By Jorge Otaola
BUENOS AIRES (Reuters) – Argentina’s central bank is expected to adjust its benchmark interest rate that is currently at 133%, two bank sources told Reuters on Thursday, looking to protect local currency deposits after the presidential election win of a radical libertarian.
“There is going to be a rate hike,” said the first source, who asked not to be named as the decision was not yet finalized. The source did not know what the size of the hike would be.
A second bank source close to the board said there would be a rate adjustment, without giving further details. Argentina’s central bank board normally meets weekly on Thursday.
The planned move comes after libertarian economist Javier Milei won the South American country’s presidential runoff election on Sunday, with campaign pledges to dollarize the economy, close the central bank and abruptly cut spending.

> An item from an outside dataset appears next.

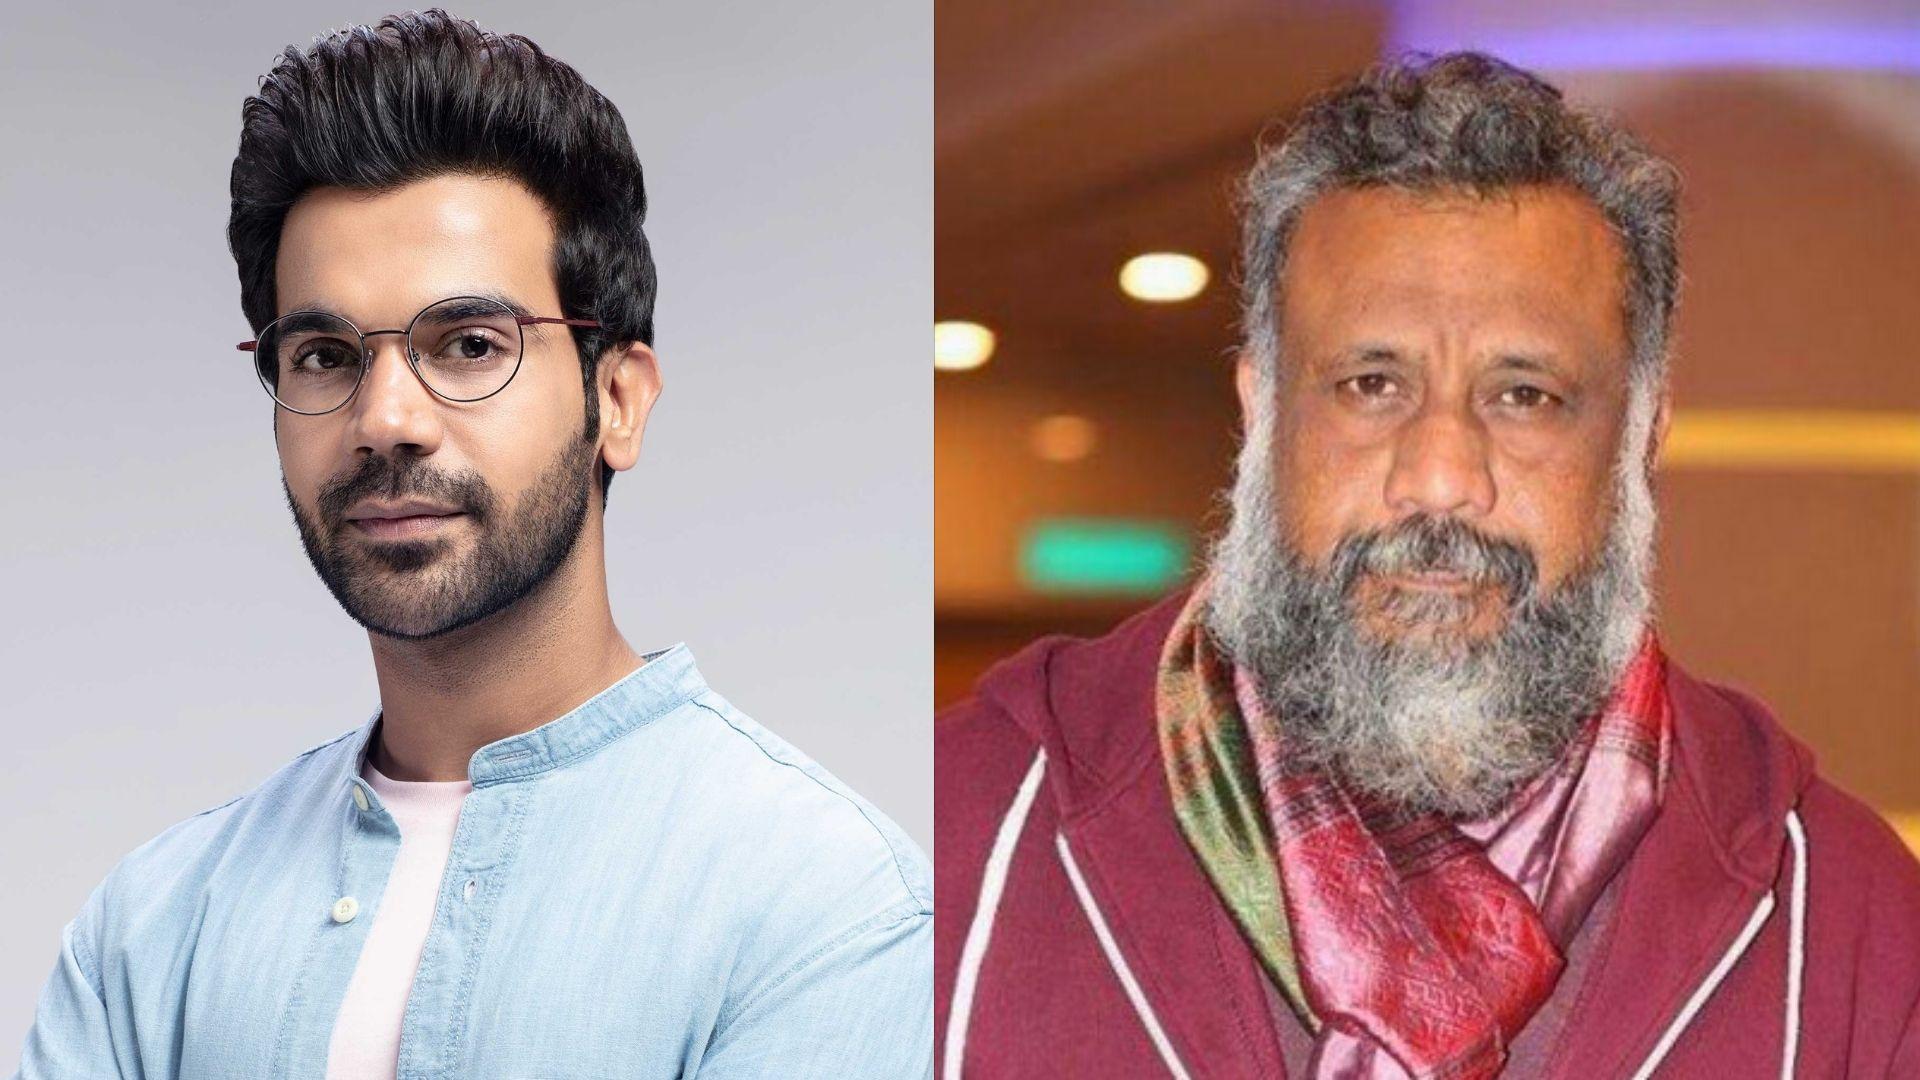 Bheed: Rajkummar Rao Roped In For Socio-Political Drama Helmed By Anubhav Sinha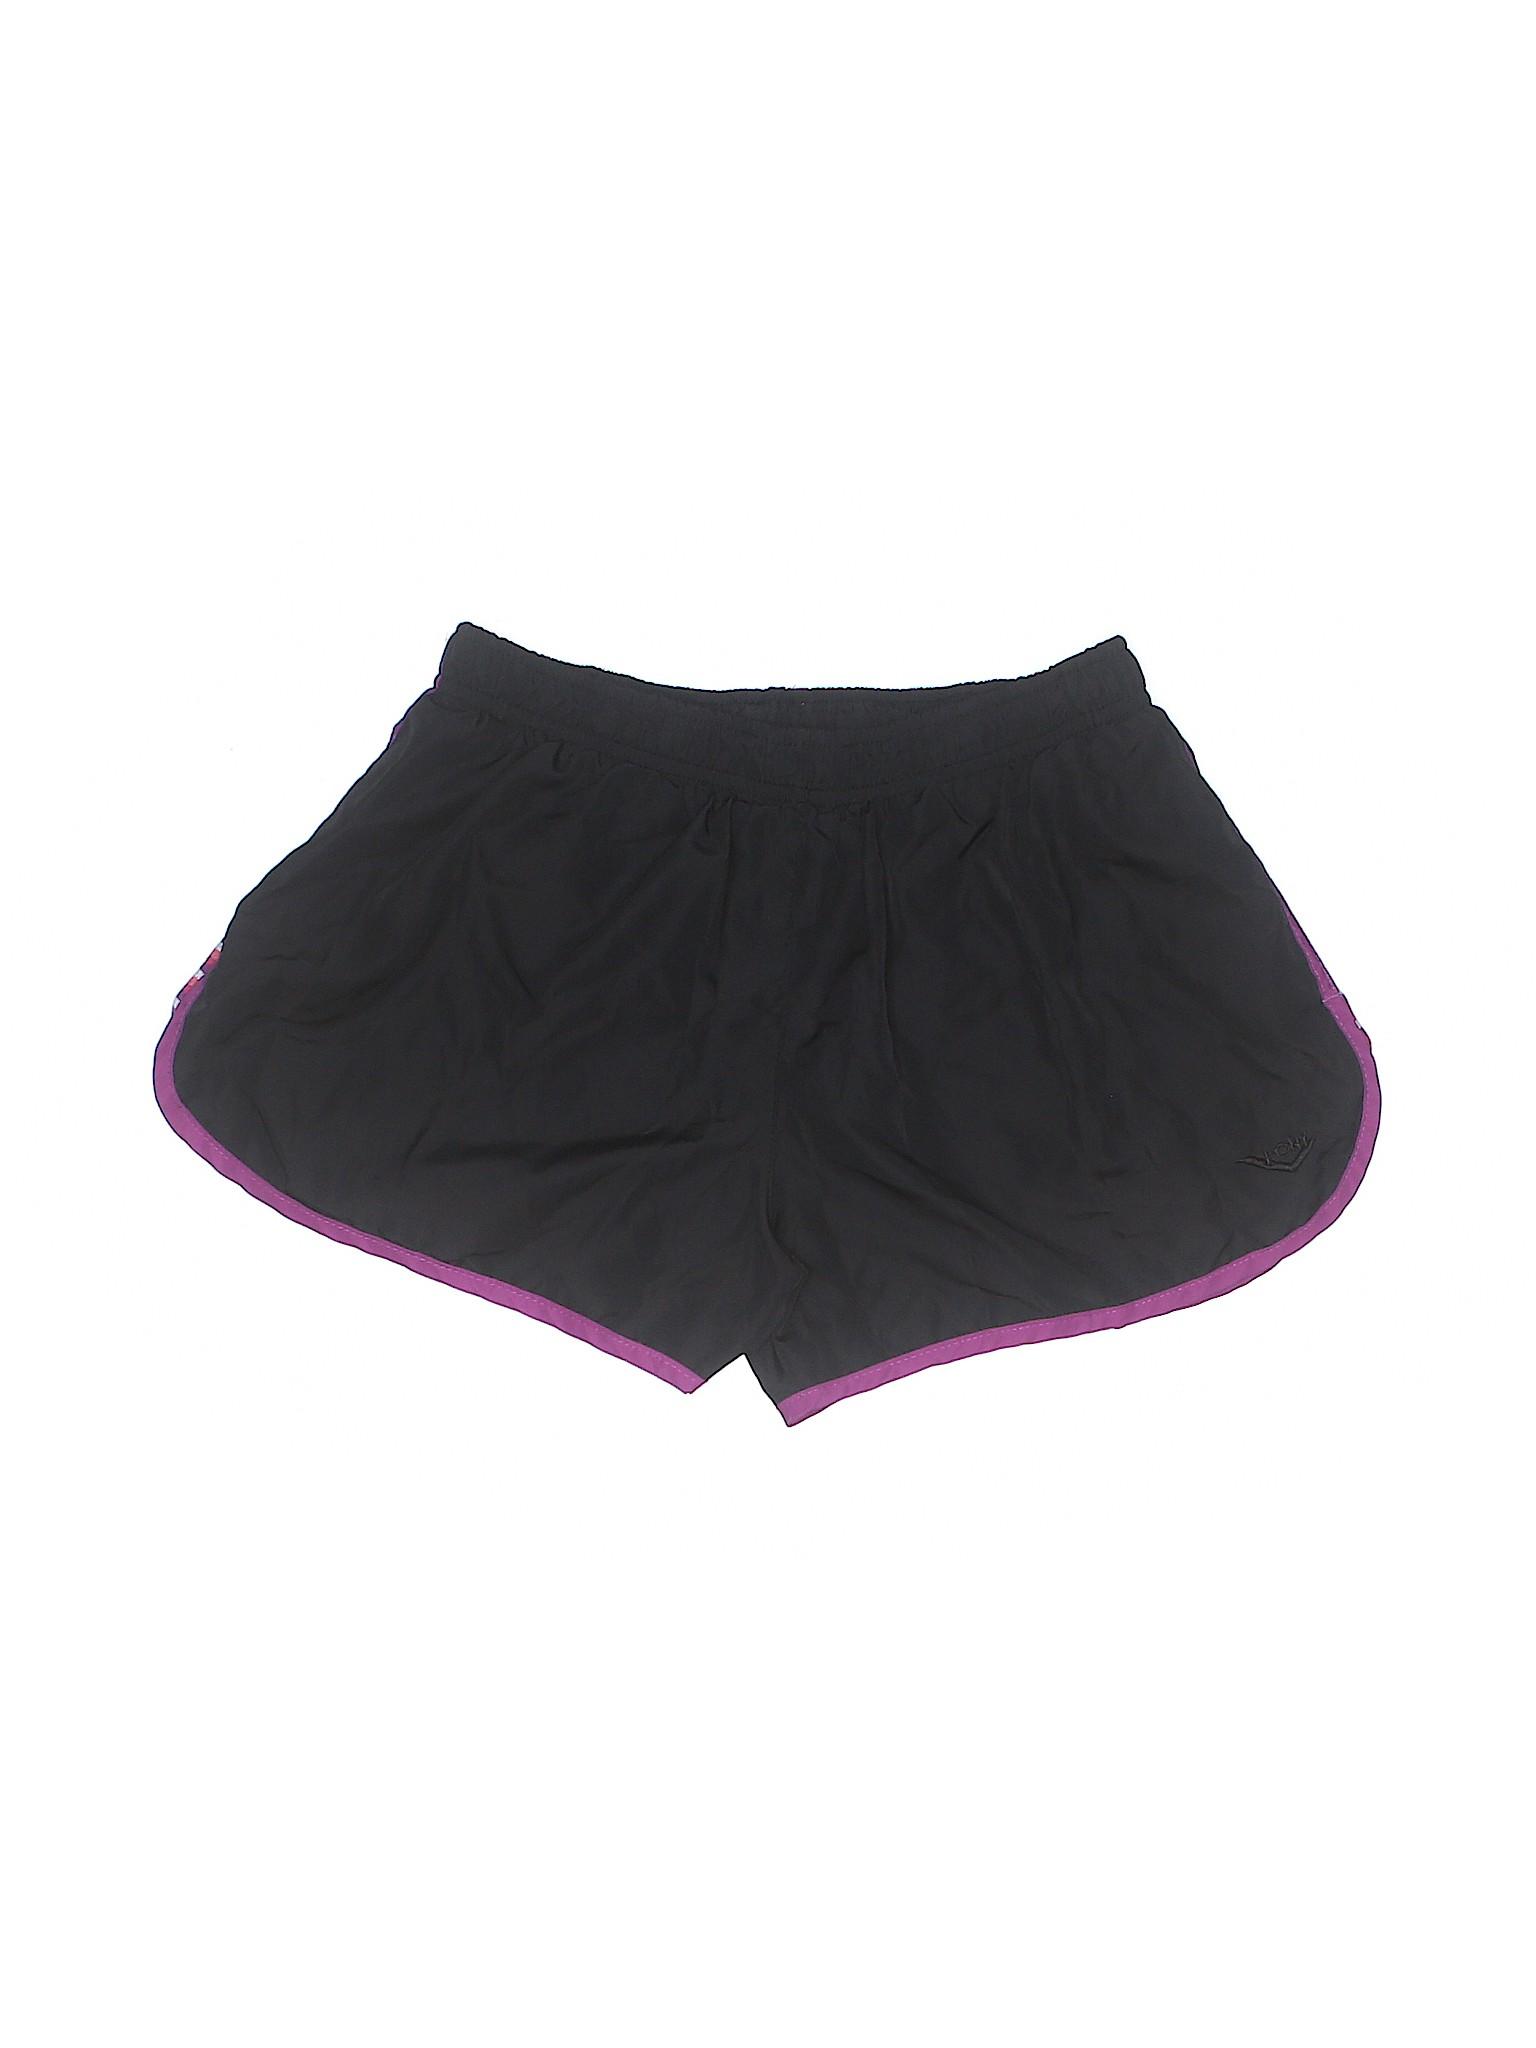 Boutique Pony Boutique Pony Athletic Pony Athletic Athletic Shorts Shorts Shorts Boutique 4q8TRx

He will take office on Dec. 10, replacing outgoing center-left Peronist President Alberto Fernandez, whose popularity nose dived as the country slumped into its worst economic crisis in two decades, with poverty over 40% and a recession looming.
Argentina has annualized inflation nearing 150%, negative net foreign currency reserves and a sliding peso, kept only in check by strict currency controls, which though have spawned parallel exchange rates far away from the official one.
Analysts said that a potential rate hike aimed to stem recent signs of outflows of peso deposits from local banks into dollars as savers looked for a safe haven against potential reforms Milei makes once in office.